(related to Proposition: Closed Formula For Binomial Coefficients)
We have to show that the closed formula for the binomial coefficient. \[\binom nk=\frac{n(n-1)\cdots(n-k+1)}{k(k-1)\cdots 2\cdot 1}\] can be interpreted as the number of subsets with exactly \(k\) elements of a given finite set \(X\) with exactly \(n\) elements \((|X|=n)\).
We enumerate each element of \(X\) and get an index set \(I=\{1,2,\cdots n\}\).
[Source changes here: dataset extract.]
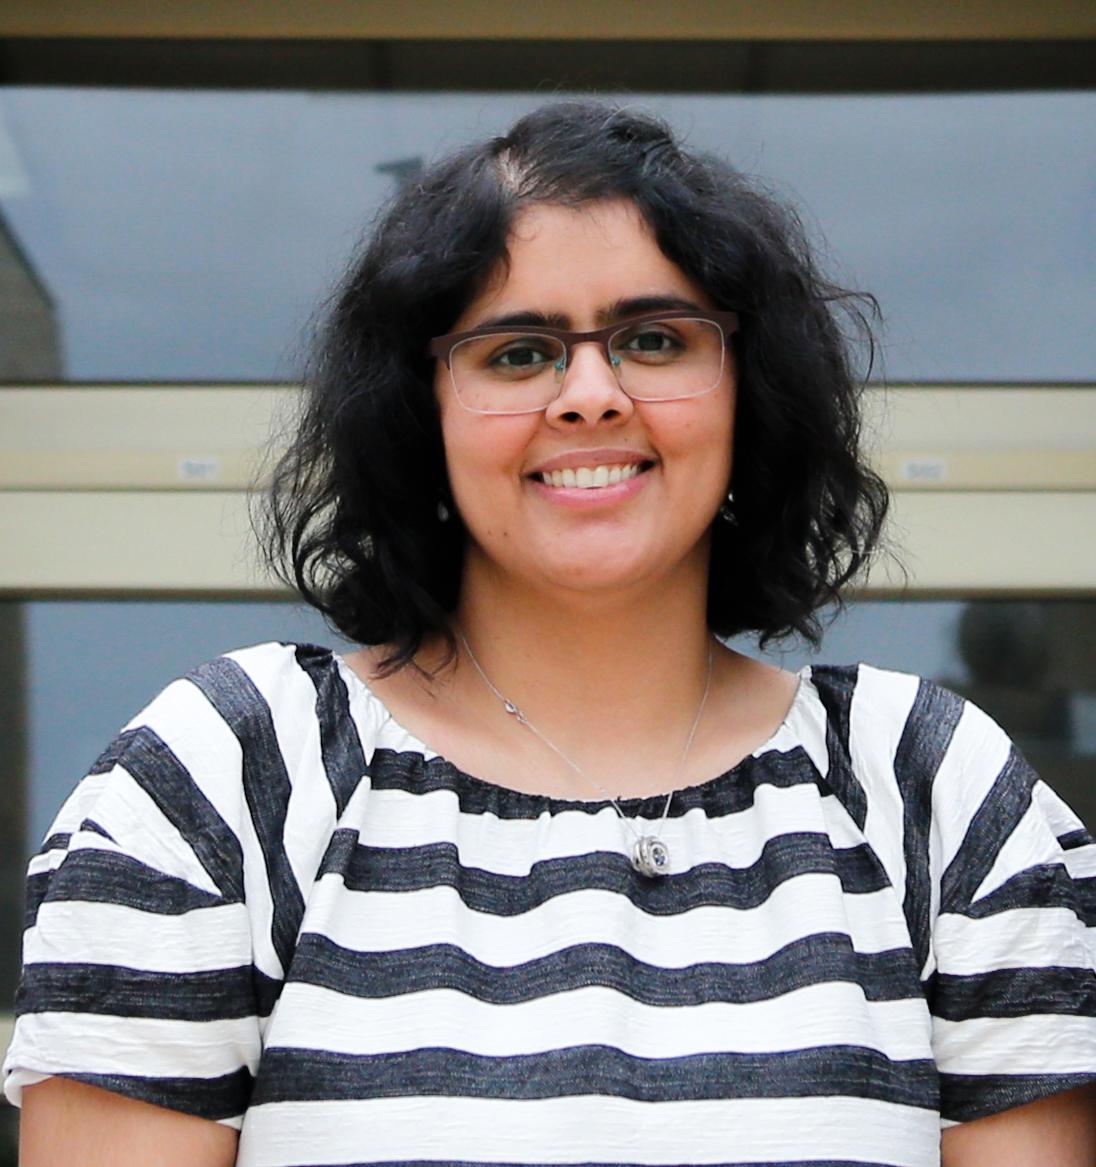 Mrinalini Hoon smiling into the camera wearing a striped shirt.
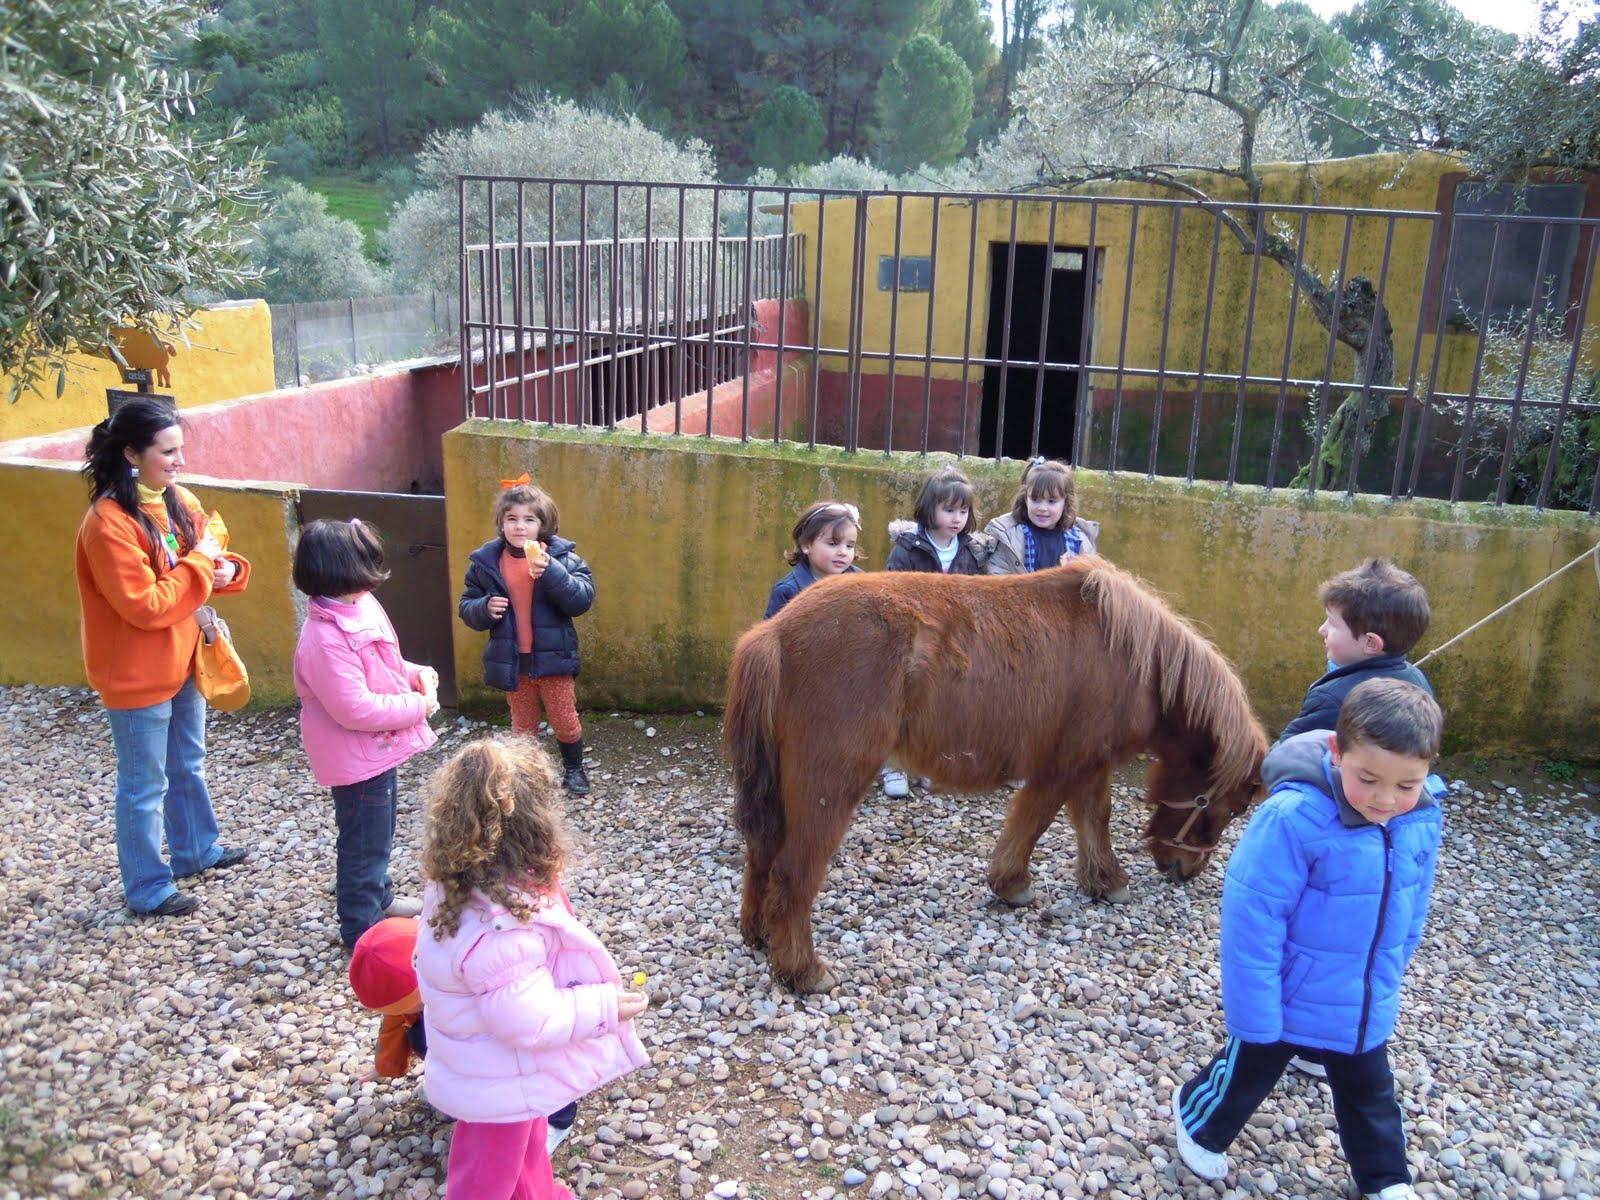 San Sebastian de la Gomer Spain  city photos : SAN SEBASTIÁN: Visita a la granja escuela de Cabriñana

Instead of counting the subsets of \(X\) with \(k\) elements, in which the order of elements does not count, we start to count the subsequences of length \(k\), which can be built from \(I\), in which the order of sequence elements does count.
There are \(n\) choices for the first element of the sequence; for each, there are \(n-1\) choices for the second; and so on, until there are \(n - k +1\) choices for the \(k\)-th. This gives the falling factorial power \(n^{\underline{k}}=n(n-1)\cdots(n-k+1)\) of choices for a sequence with \(k\) sequence elements.
Observe that the definition of factorial \(k(k-1)\cdots 2\cdot 1\) gives the number of possibilities, we can arrange a sequence with \(k\) sequence elements. This number of possible orderings of sequences counts each subset exactly \(k!\) times. To get our answer, we simply divide by \(k!\) and get
\[\frac{n^{\underline{k}}}{k!}=\frac{n(n-1)\cdots(n-k+1)}{k(k-1)\cdots 2\cdot 1}=\binom nk.\]